This brings us to my second initial perspective. If ICL has done its best to pull away from the riddle of classifying internationalized conflicts like that in Syria, it is somewhat peculiar that when faced with Terry Gill’s harrowing revelation that “[t]here are reportedly hundreds (by some accounts approximately 1,500) of armed groups and militias active in the Syrian conflict” that no one has yet objected that this distinction between IACs and NIACs cannot be meaningfully made. The closest we get thus far is Professor Gill’s admission that “[it] would be well-nigh impossible to draw a coherent picture of the entire mosaic of armed groups and their aims, actions and alignments.” (see here, p. 355). In addition, we have not heard that even where the application of these tests for internationalization is more clear cut, the ability of armed groups to comply with standards we ourselves cannot agree upon in the heat of battle, in the context of changing military relationships, based on closely guarded information seems marginal. I am reminded, for instance, of Marco Sassòli and Laura Olsen’s argument that “there is no reason to think that, during a conflict, one could convince a military commander to respect certain rules by arguing that he is an agent of a foreign country.”
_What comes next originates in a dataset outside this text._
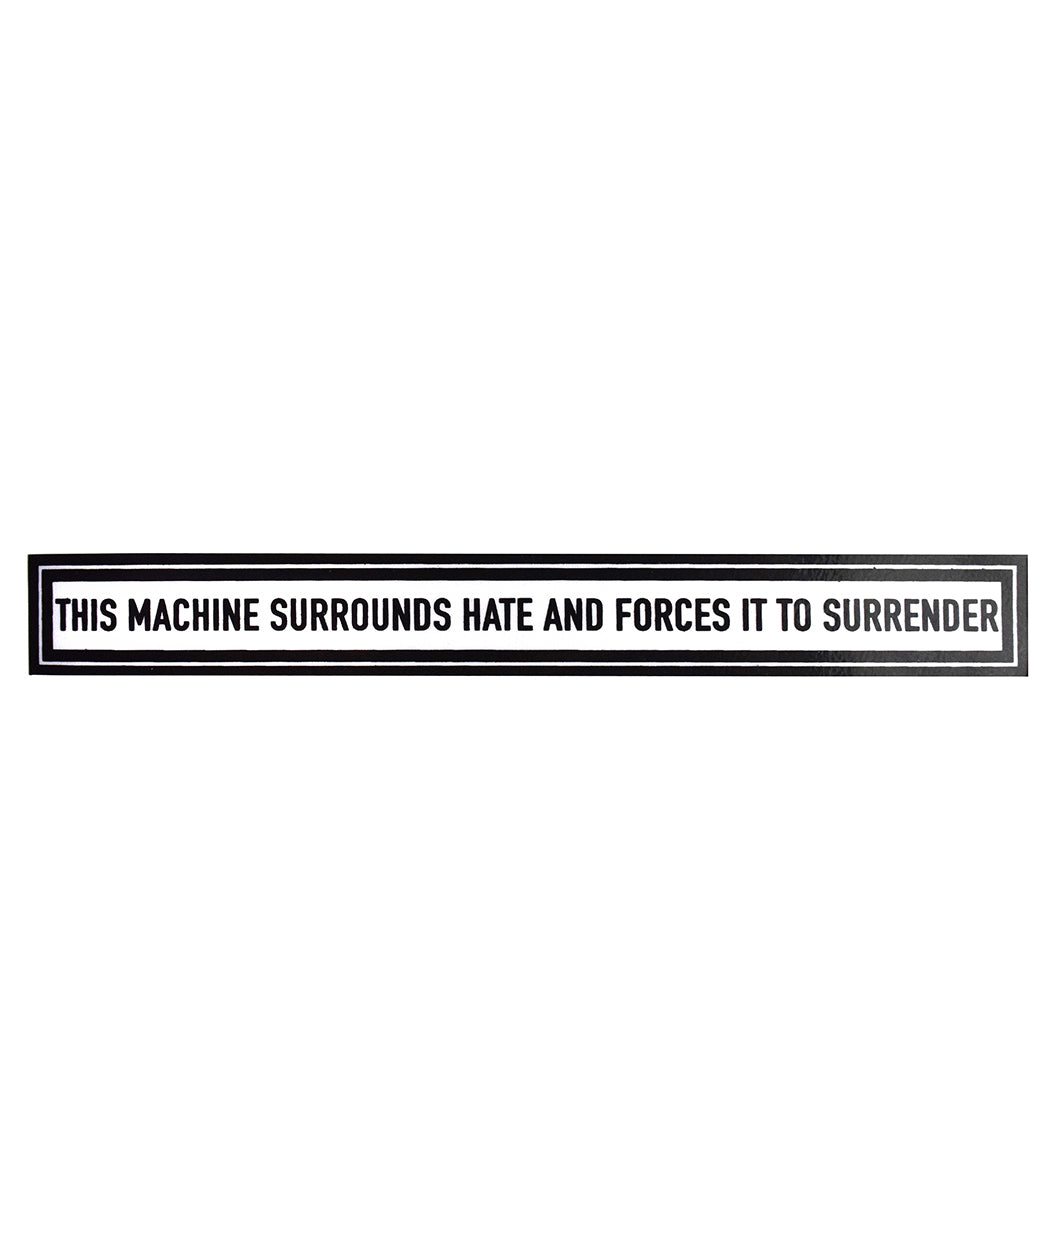 Long rectangular sticker with two black borders surrounding “This Machine Surrounds Hate and Forces It To Surrender” in black sans serif font - from John Green

Admittedly, I am reiterating here an argument I first made over a decade ago after first working on these issues at two different war crimes tribunals, in which I pointed out the unavoidable dangers of analytical incoherence in qualifying internationalized armed conflict, then posited the possibility of a unified system of IHL that would be applicable to all types of armed conflict (see here). I made this argument in order to circumvent the otherwise insurmountable analytical difficulty I had experienced in practice. As I explain in that article, the way out I propose was not new even then: the ICRC had advanced this argument at every stage in the codification of major IHL instruments, various luminaries such as George Aldrich had endorsed it in light of the Vietnam experience, and the history of ICL is replete with judicial statements like “it is only natural that the aforementioned dichotomy [between IAC and NIAC] should gradually lose its weight.” As I will explain shortly, ICL not only offers a set of lessons about the classification process that have not fully informed the various online debates about Syria thus far, it also reveals a pattern of deliberate attempts to avoid the problem wherever possible. This reality speaks to an ongoing concern about the practicality of the tests in discussion presently and the availability of third approaches that might be appealing to prosecutors if cases from Syria are ever heard.
I move, then, to my five doctrinal observations about the history of conflict classification in ICL and its salience to these debates:
First, although it is probably technically correct to say that Tadić is the leading judicial decision in this area, to leave matters at that risks undervaluing over two decades of judicial experience classifying armed conflicts post Tadić before a wide variety of courts and tribunals (national and otherwise). In fact, a number of initiatives within these institutions deliberately sought to build upon the initial foundations set by Tadić. In 2007, for instance, I was asked (ironically given my earlier article calling for the abandonment of the distinction) to lead a process for the Office of the Prosecutor of the ICTY that developed a more comprehensive matrix of factors that go to making up a non-international armed conflict. This project led to far more detailed sets of factors that would establish both limbs of the test for a non-international armed conflict—intensity and military organization—in a trilogy of cases involving the Kosovo Liberation Army and the Albanian National Liberation Army in Macedonia. The painstaking depth these and other cases go to in applying the tests may be helpful to friends and colleagues engaged in these debates, beyond just the foundational importance of Tadić itself. They may also act as templates for prosecutors asked to prosecute war crimes arising out of modern-day Syria.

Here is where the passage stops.